Однажды Меруерт, слегка округлившаяся и ставшая почти черной от загара, заговорила с мужем в полушутливом тоне:

– Милый папочка Назкетая! – Она всегда так называла Казыбека, подчеркивая в муже достоинство главы семьи. – Ты у нас стал таким солидным господином, что за последнюю неделю ни разу не спросил о настроении жены. А я ведь рядом, на страже твоего благополучия. Все ли у нас хорошо, как ты думаешь?

– Ты улыбаешься, значит, все хорошо, – ответил Казыбек, беря супругу за располневшую талию и усаживая на колени.

– Ты угадал, но в глупой моей голове иногда появляются странные мысли. Хочешь, скажу, что я надумала?.. Нет, сначала обещай мне, что исполнишь мое желание.

Меруерт внимательно глядела на мужа, присматриваясь ко всякой перемене в лице. Сквозь плотный загар на щеках проступил румянец, означая сильное волнение. Радовалась Меруерт или ее сотрясал прилив гнева, она была прекрасна обликом.

– Если скажешь «да», пожалуйста, после не бери своего согласия обратно.

– Зачем такое длинное предисловие, Меруерт? – Казыбек свел брови в линию, пряча глаза. – Разве я могу отказать тебе, если ты чего-то очень хочешь? Ну, согласен, говори.

– Можно было и без «ну», – упрекнула жена. – В общем, ладно. Договорились, папочка Назкетая! – Меруерт крепко обвила шею мужа обнаженными руками. Пальцы ее, длинные и тонкие, с остро обрезанными ноготками, расчесывали вихры мужа. – Как ты воспримешь мое решение вернуться домой?

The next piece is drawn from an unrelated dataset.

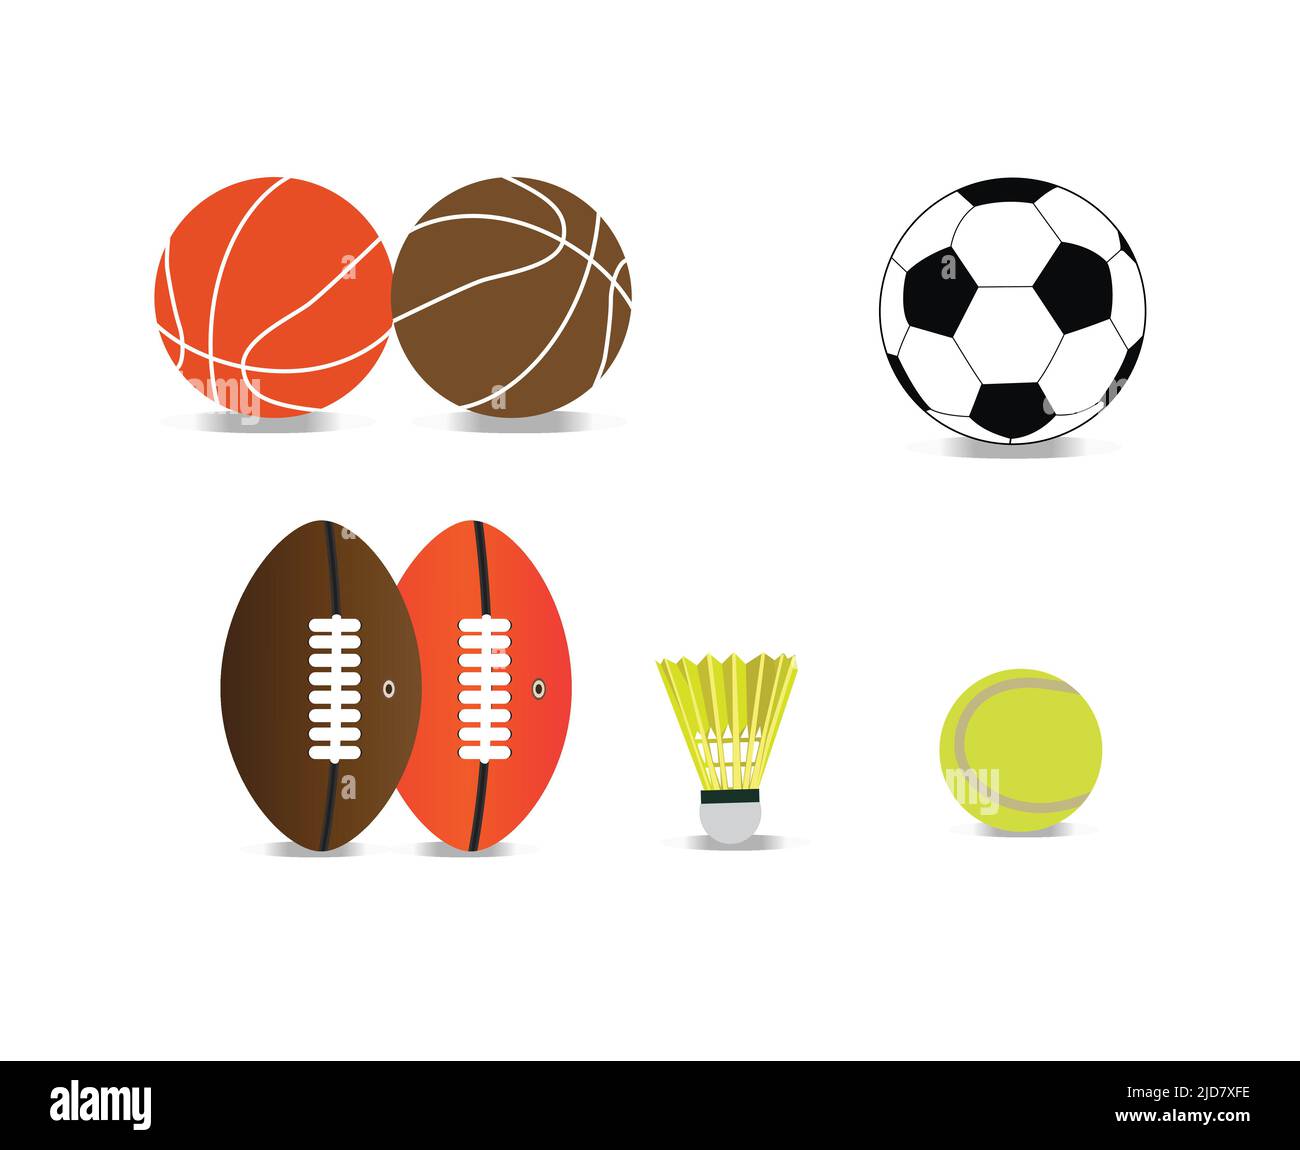 pelota de baloncesto, rugby, corcho y tenis Ilustración del Vector

– Тебе приснился хороший сон, дорогая?

– Сон этот превратился в бесконечный, – призналась женщина. – Сегодня пробудилась словно от толчка: меня разыскивала Шолпанка. Голоса дочерей я различу в любой толпе… Да, Шолпанка… Она позвала от дверей, я отчетливо слышала ее шаги, не вполне проснувшись, закричала с постели: «Иду, доченька!» Целый день прислушиваюсь, а то выскакиваю в сад. Мне кажется, мои девочки где-то поблизости, разыскивают нас… Я так думаю: Шолпанка заболела или еще какое несчастье. А может, обе малышки там – влоск… Я слышала, что знаки бывают вещими. Сейчас нередко пишут о биотоках.

Казыбек слушал не перебивая, и на лице его резко обозначились скулы. Глаза похолодели.

– Ты злишься, – определила Меруерт. – А я тебе исповедуюсь как самому близкому человеку.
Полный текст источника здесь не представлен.